Maximum Number of Coins You Can Get

Maximum Number of Coins You Can Get

What is this problem about?

The Maximum Number of Coins You Can Get coding problem gives you piles of coins. You, Alice, and Bob take piles in rounds of three: Bob always takes the pile with the most coins, you take the pile with the second most, and Alice takes the remaining pile. You choose which piles participate in each round (from those remaining). Maximize the total coins you collect.

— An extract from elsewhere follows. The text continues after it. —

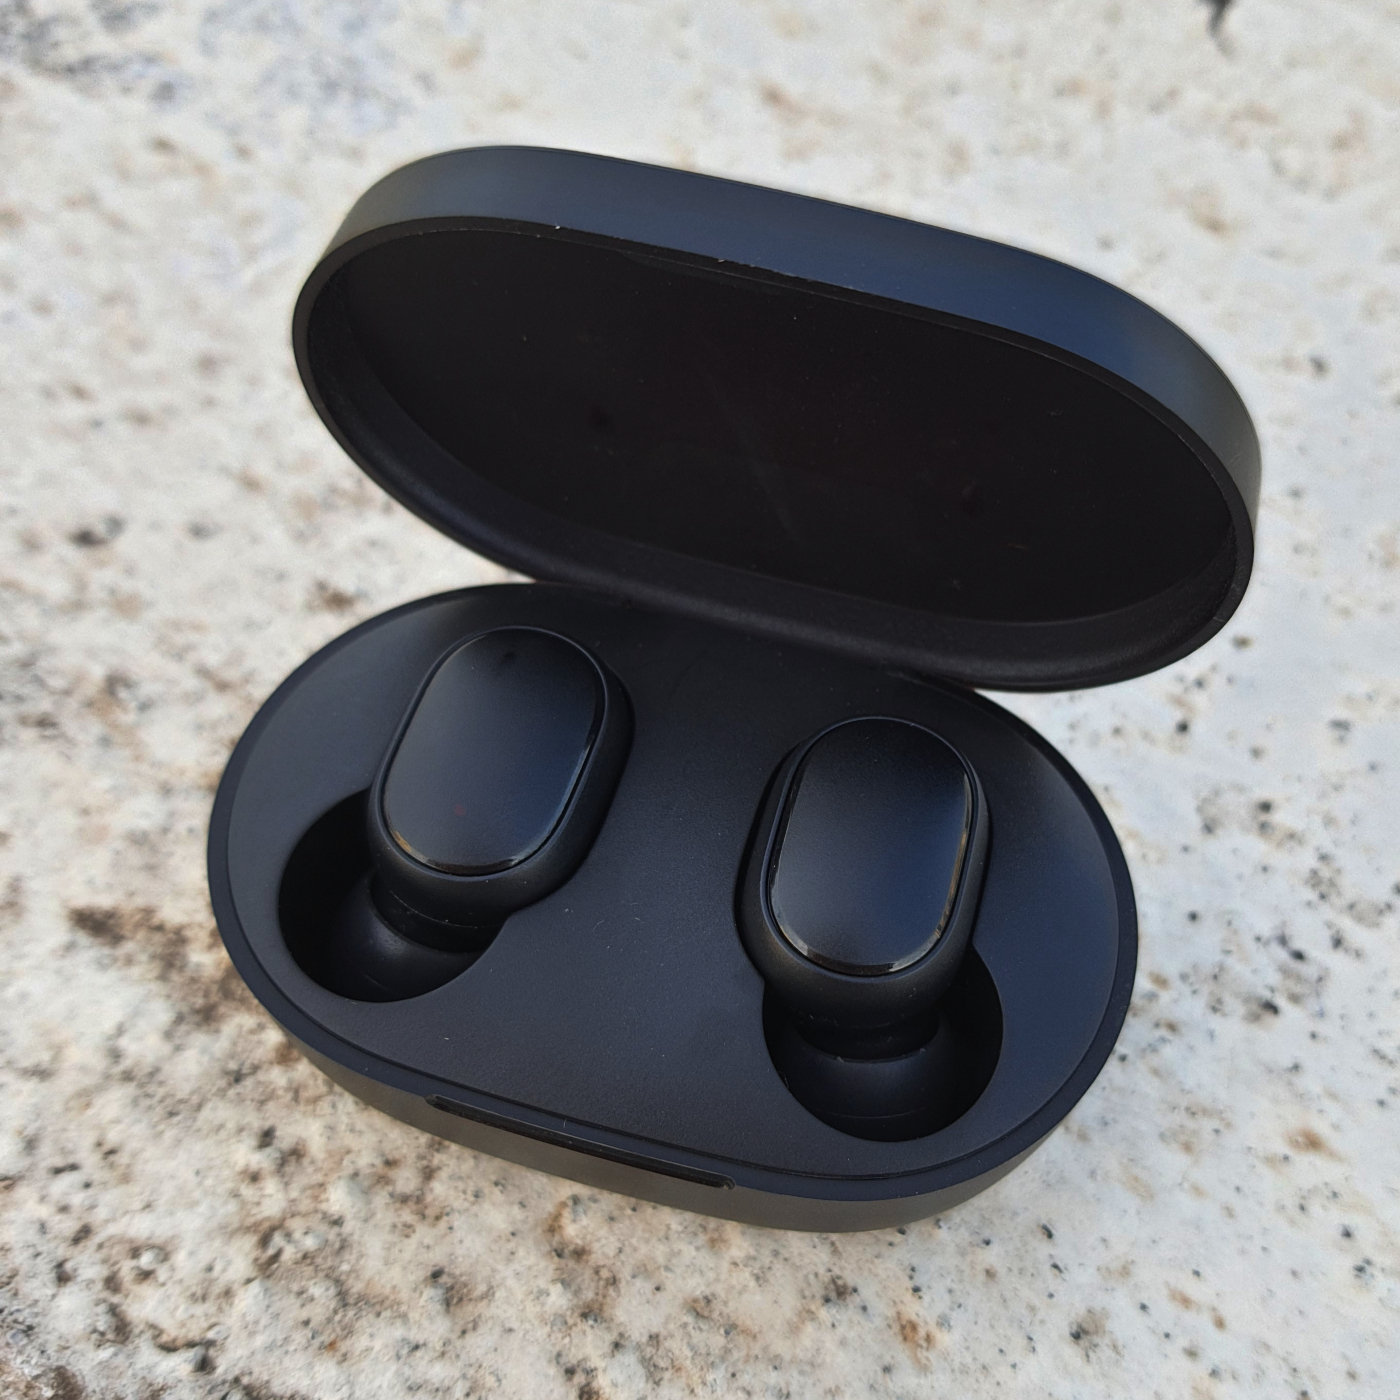 Xiaomi Redmi Earbuds S review: Perfect for the price
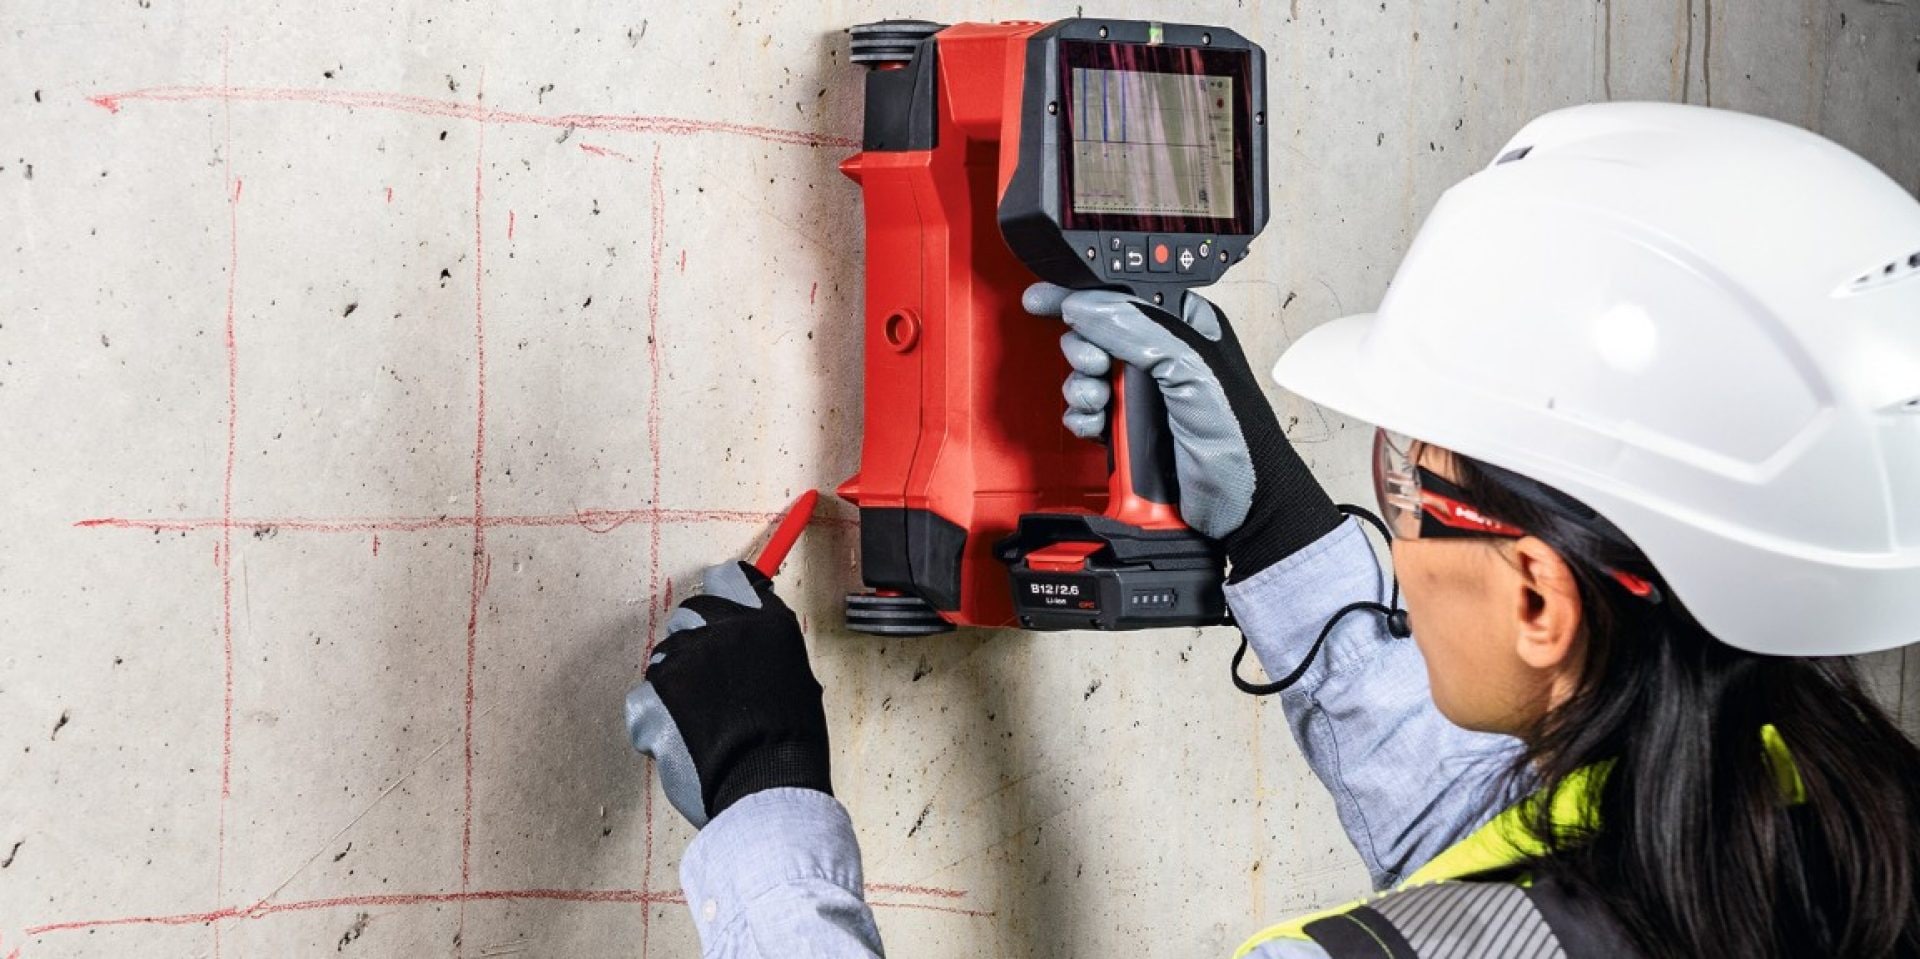 Buyer's guide to selecting the best concrete scanning tool for engineering, rebar location, general contractors and hit avoidance

Why is this asked in interviews?

Meta and Amazon use this problem to test greedy reasoning in game theory settings. The key insight is that Alice should always get the minimum pile (she is "the loser" in this game), and you should maximize your second-place picks. Sorting and greedily assigning who gets what reveals the optimal strategy immediately.

Algorithmic pattern used

Greedy with sorting: Sort all piles. Since there are 3*k piles for k rounds, Alice takes the k smallest piles (one per round). Bob takes the largest pile each round. You take the second-largest each round. Optimal strategy: Sort ascending. Alice gets the k smallest (indices 0 to k-1). From the remaining 2k piles, Bob takes the largest in each pair, you take the second largest. Concretely: from sorted piles, take piles at indices k+1, k+3, k+5, ... (every other pile starting from the second position after Alice's share).

Example explanation

Piles: [2, 4, 1, 2, 7, 8], 6 piles → k=2 rounds.

• Sorted: [1, 2, 2, 4, 7, 8].
• Alice gets the 2 smallest: [1, 2].
• Remaining: [2, 4, 7, 8].
• Round 1: Bob gets 8, you get 7. Round 2: Bob gets 4, you get 2.
• Your total = 7 + 2 = 9.

Using the index formula: sorted piles at indices 2,3,4,5 = [2,4,7,8]. Your piles: indices 3 and 5 = 4 and 8? No — sorted ascending: [1,2,2,4,7,8]. k=2. Your indices: k+1=3, k+3=5 → piles[3]=4, piles[5]=8. Total=12? Let me recheck: piles[k+1]=piles[3]=4, piles[k+3]=piles[5]=8. Sum=12.

Actually sorted: [1,2,2,4,7,8]. Rounds: {1,2,8}, {2,4,7} — Alice:1, you:2, Bob:8 and Alice:2, you:4, Bob:7. Sum = 2+4=6. Or {1,4,8}, {2,2,7}: you:4+2=6. Best: {1,2,8},{2,4,7}: you=2+4=6. Or taking [1,7,8],[2,2,4]: you=7+2=9. Maximum = 9.

Common mistakes candidates make

• Not giving Alice the absolute minimum piles: Any "waste" on your part (taking a pile Alice could have taken) reduces your total.
• Incorrect index calculation: The exact indices for your piles depend on the sorted order and k — verify with examples.
• Not accounting for pile count divisibility: The problem guarantees 3k piles. If not guaranteed, handle the remainder carefully.

Interview preparation tip

For the Array Math Sorting Game Theory Greedy interview pattern, in three-way split optimization problems, always define who gets the worst share (Alice here) and maximize accordingly. Sorting + index formula is the clean O(n log n) solution. Articulate the greedy reasoning in the interview: "Alice absorbs the minimum, Bob takes the maximum, so I maximize the second-maximum of each group."